Dough is run through a press to make pasta

Creation of home made pasta

Karl De Meyer et Olivier Tosseri

ROME — On March 23, the Italian Minister of Agriculture and Food Sovereignty, Francesco Lollobrigida, announced that Rome would ask UNESCO to recognize Italian cuisine as a piece of intangible cultural heritage.

On March 28, Lollobrigida, who is also Italian Prime Minister Giorgia Meloni's brother-in-law, promised that Italy would ban the production, import and marketing of food made in labs, especially artificial meat — despite the fact that there is still no official request to market it in Europe.

Days later, Italian Eurodeputy Alessandra Mussolini, granddaughter of fascist leader Benito Mussolini and member of the Forza Italia party, which is part of the governing coalition in Rome, caused a sensation in the European Parliament.

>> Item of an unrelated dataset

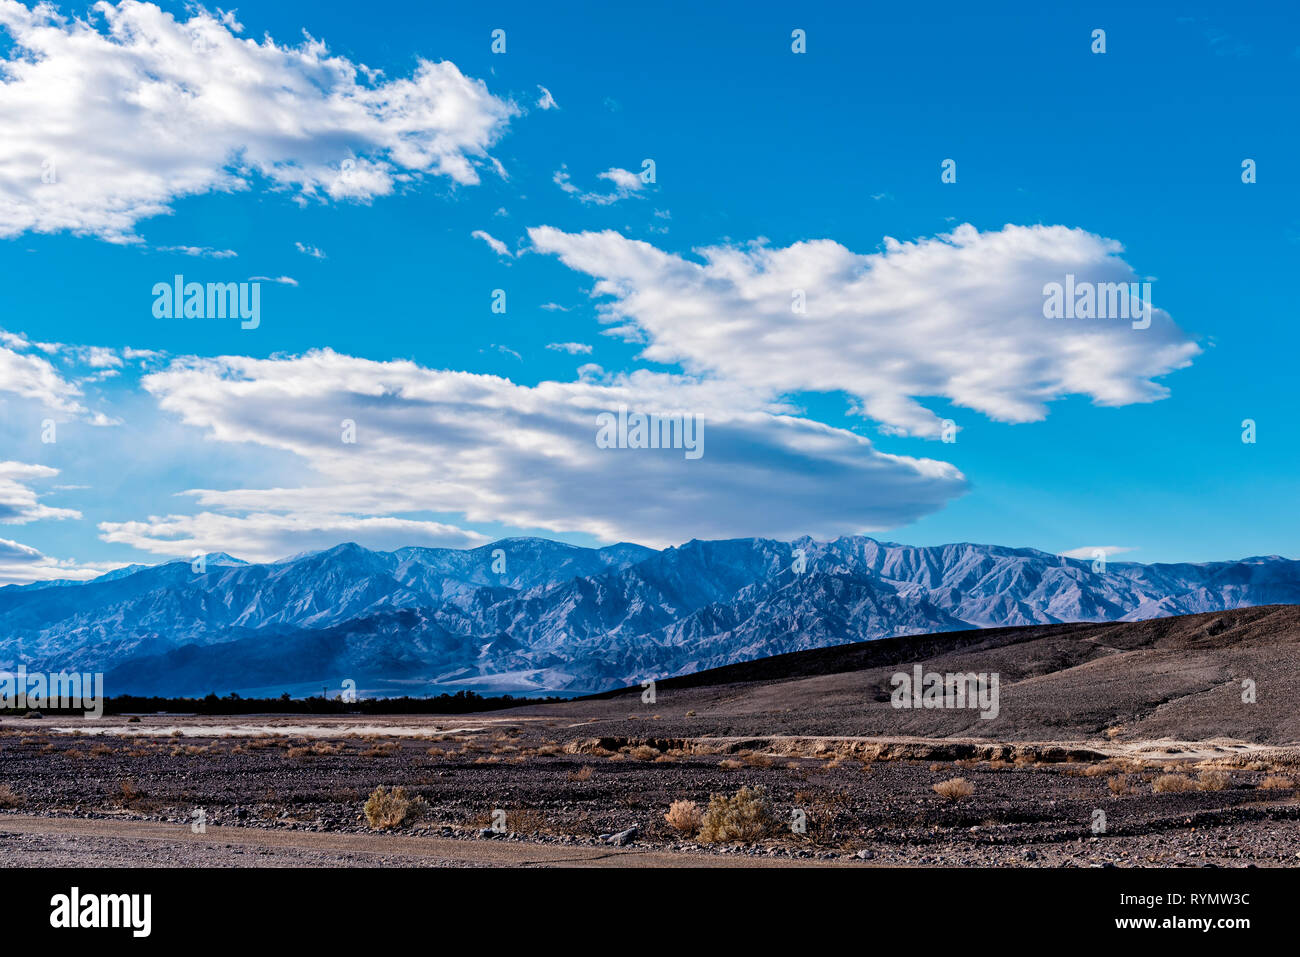 Paysage désertique aride avec peu de végétation et au-delà des montagnes bleues sous un ciel bleu avec des nuages blancs moelleux. Banque D'Images

On the sidelines of the plenary session, Sophia Loren's niece organized a wine tasting, under the slogan "In Vino Veritas," to show her strong opposition (and that of her government) to an Irish proposal to put health warnings on alcohol bottles. At the end of the press conference, around 11am, she showed her determination by drinking from the neck of a bottle of wine, to great applause.